In at least these five ways, Ward changed the historiography of early evangelicalism. He turned the globe back a quarter turn toward Europe and turned the calendar back a century toward the post-Reformation era. Single-handedly, his herculean scholarship reconstituted 18th-century Anglo-American evangelical history in terms of 17th-century Central European history. This is one of the great contributions in all of modern historical scholarship.

Bruce saw Reg once more in June 2009 in Manchester. At 84 years of age and with cancer, Reg had taken the train up from his home at Petersfield near Portsmouth on the south coast to attend a lecture. They got to spend a couple of hours together on a sunny bench, him with his rosy cheeks, leaning on his cane, talking by turns about the 18th century and eminent German atheists. As always, it seemed that he had read everything.
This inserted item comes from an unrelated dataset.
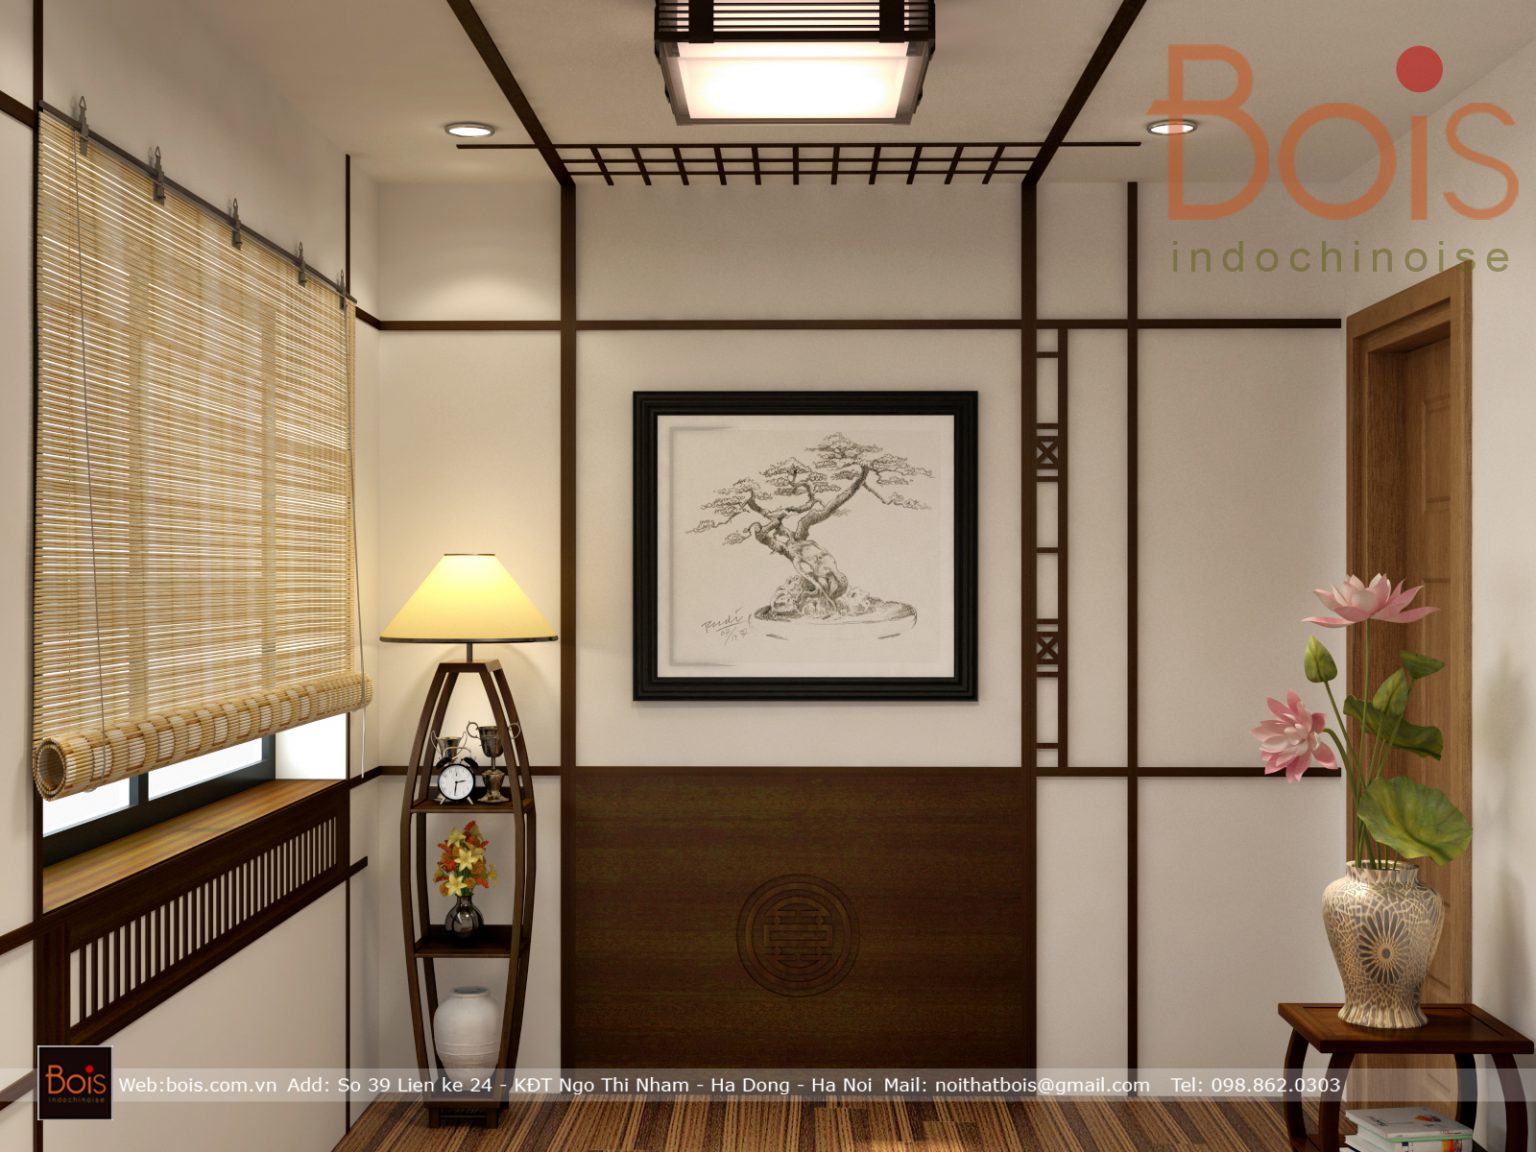 Phong cách Đông Dương Indochine hiện đại. Với những thông tin chi tiết về phong cách Indochine sẽ giúp bạn chọn lựa được phong cách thiết kế nội thất phù hợp.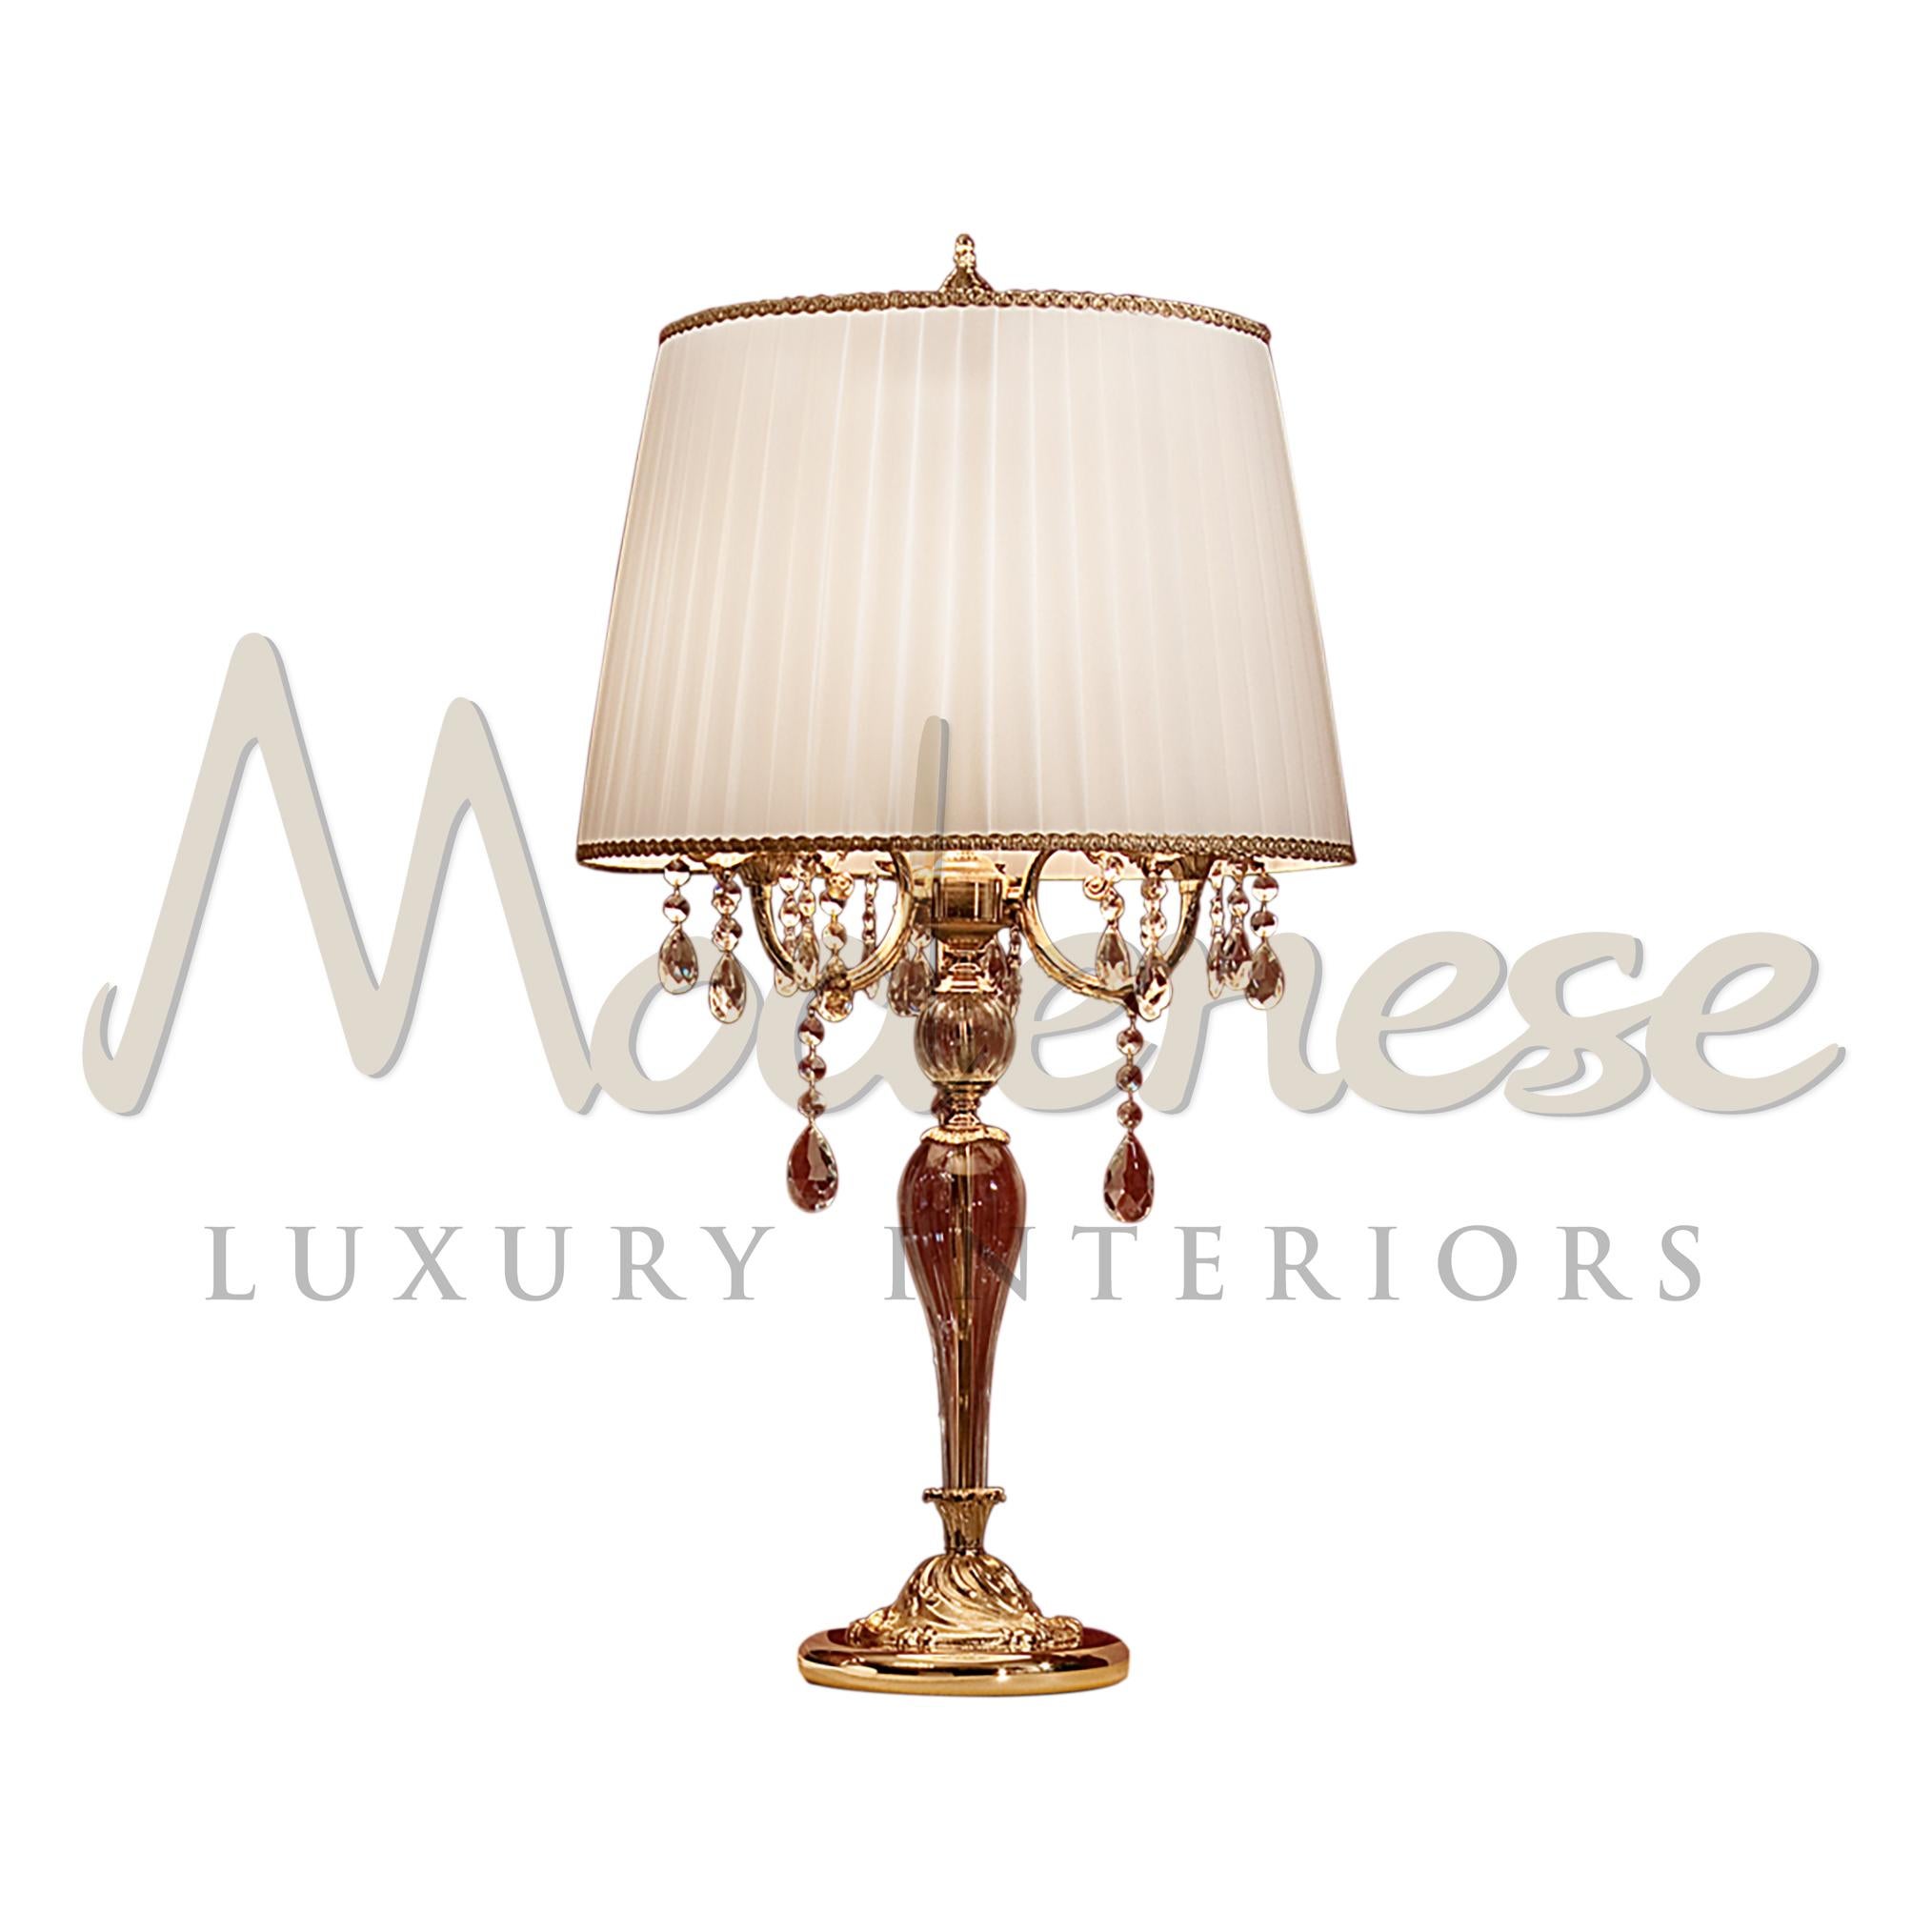 Les designers de Modenese Luxury Interiors ont conçu cette lampe de table en combinant une structure plaquée or antique 24kt, des pendentifs en cristal de Scholer et des tissus élégants. Ce modèle nécessite 3 ampoules à vis E14 (60Watt max).

Among those of us who knew him, he shall be remembered fondly for his spirited, contrarian opinions, expressed always with a twinkle in his eye, and for his kind and generous manner on occasions like that—as well as for the way he spent his retirement re-writing the whole history of early evangelicalism.

1. Journals and Diaries, ed. W. Reginald Ward and Richard P. Heitzenrater, vols. 18-24 of The Works of John Wesley (Abingdon, 1988-2003).

Mark Noll is Francis A. McAnaney Professor of History at the University of Notre Dame. Bruce Hindmarsh is James M. Houston Professor of Spiritual Theology at Regent College in Vancouver, B.C.